Re: Covered hopper traffic patterns was Travels Of B&O N-34 Covered Hoppers

Richard Townsend
 

Here are a couple of possibilities from the southern Illinois area the B&O served. The info is from the Illinois State Geological Survey.

Tripoli is a highly porous rock that consists of tiny particles of quartz. Deposits in Illinois are found in the extreme southern portion of the state. Tripoli is used in the ceramic industry, in polishing optical lenses, as paint filler, and as a fine abrasive.
Fluorite, lead, and zinc production were historically important in Illinois. Fluorite, the official state mineral, metallic lead, and zinc ores are no longer mined in the state.
Beginning in the 1840s, mines were opened in the southeastern tip of the state in Hardin and Pope Counties to initially obtain galena (lead ore) and later fluorite.

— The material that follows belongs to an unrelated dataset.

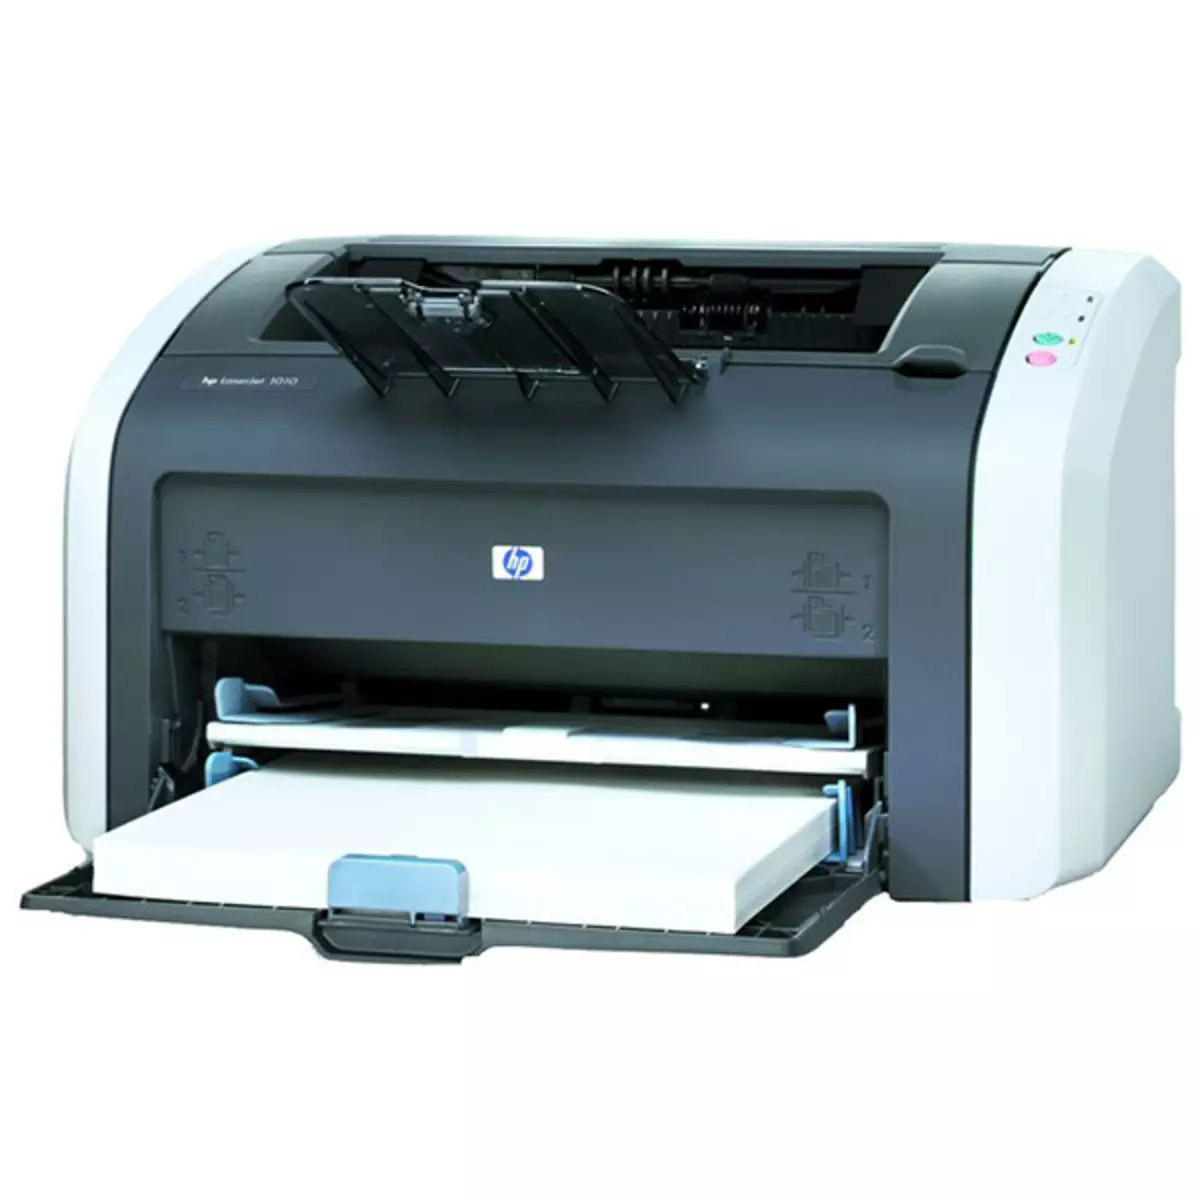 Aflaai HP LaserJet 1010 Printerdriver
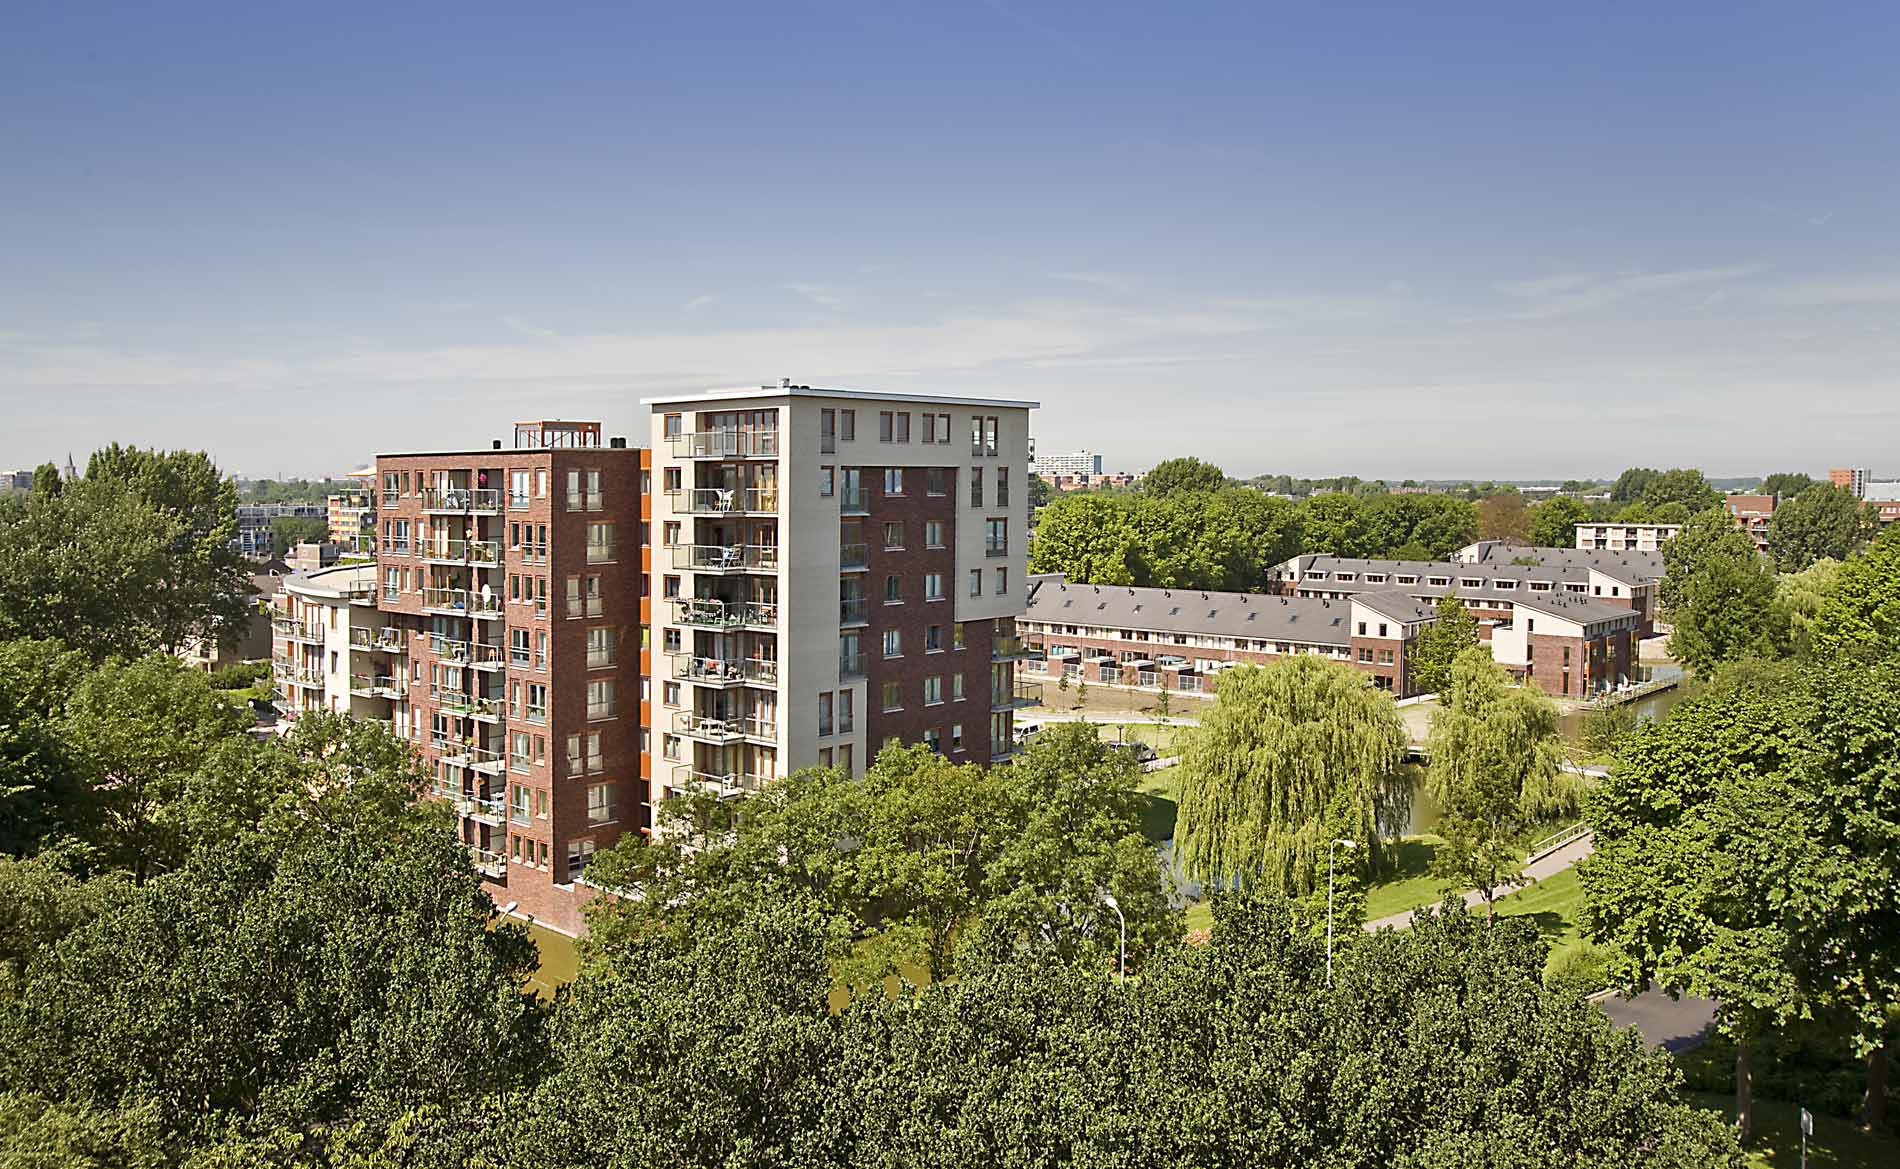 Stadsvernieuwing Heemskerk Waterrijck stedenbouwkundig plan park BBHD architecten

Illinois fluorite comprised more than 90 percent of the total U.S. production in the early 1980s, but competition from lower priced imports resulted in the last mine closing in 1996.

Richard Townsend
Lincoln City, OR


-----Original Message-----
From: Aley, Jeff A <Jeff.A.Aley@...>
To: main <main@RealSTMFC.groups.io>
Sent: Thu, May 31, 2018 8:59 am
Subject: Re: [RealSTMFC] Covered hopper traffic patterns was Travels Of B&O N-34 Covered Hoppers

Somewhere around here, I’ve got some data showing the average (mean) distance travelled by various commodities.  Perhaps it’s in the STMFC archives, which are now searchable.  Anyway, as Jim says, cement doesn’t travel very far.  Its availability, high density, and low value make it uneconomical and unnecessary to ship long distances.
 
Other commodities, however, such as trona and soda ash, did not have many sources, and therefore did travel long distances in early covered hoppers.  However, it does seem that the cars were in “almost captive” service as stated by Jim.  The LO’s serving the soda ash and trona industries on the UP in Wyoming & Idaho were (according to Freight Conductor’s books) entirely home-road and leased cars.  No B&O N-34’s were confiscated for this traffic (in the data that I have).
 
Regards,
 
-Jeff
 
P.S. I can dig out the primary source data if anyone is REALLY interested.
 
 
From: main@RealSTMFC.groups.io [mailto:main@RealSTMFC.groups.io] On Behalf Of Jim Betz
Sent: Thursday, May 31, 2018 7:50 AM
To: main@RealSTMFC.groups.io
Subject: Re: [RealSTMFC] Covered hopper traffic patterns was Travels Of B&O N-34 Covered Hoppers
 
Hi,
  To add to what Bruce is saying - cement service is rarely 'long distance'.  Any
routing longer than 100 to 200 miles would pass several closer plants/users.
Cement is relatively heavy stuff.  Most cement shipping is predictable by
project and/or season.  Covered hoppers in cement service were usually
in that same service - only - for long periods of time.  Think "Interstate
construction in an area", "the building of a dam", etc.
  So, although cement hoppers were not typically stenciled for 'captive
service' - they were, for all intents and purposes used that way - with
periodic reassignments as necessary.
  I have not researched other uses of early covered hoppers but I
suspect that similar things could be said of those services as well.
For example - if you are shipping sand for ceramic use ... the supply
point(s) and the plant(s) using it are going to be the same.  And the
user is going to find the closest source for the product they need.
  Bottom line - it's a slippery slope to think of covered hoppers as
"general service cars".  And it's even slipperier for the early hoppers.
                                           - Jim B.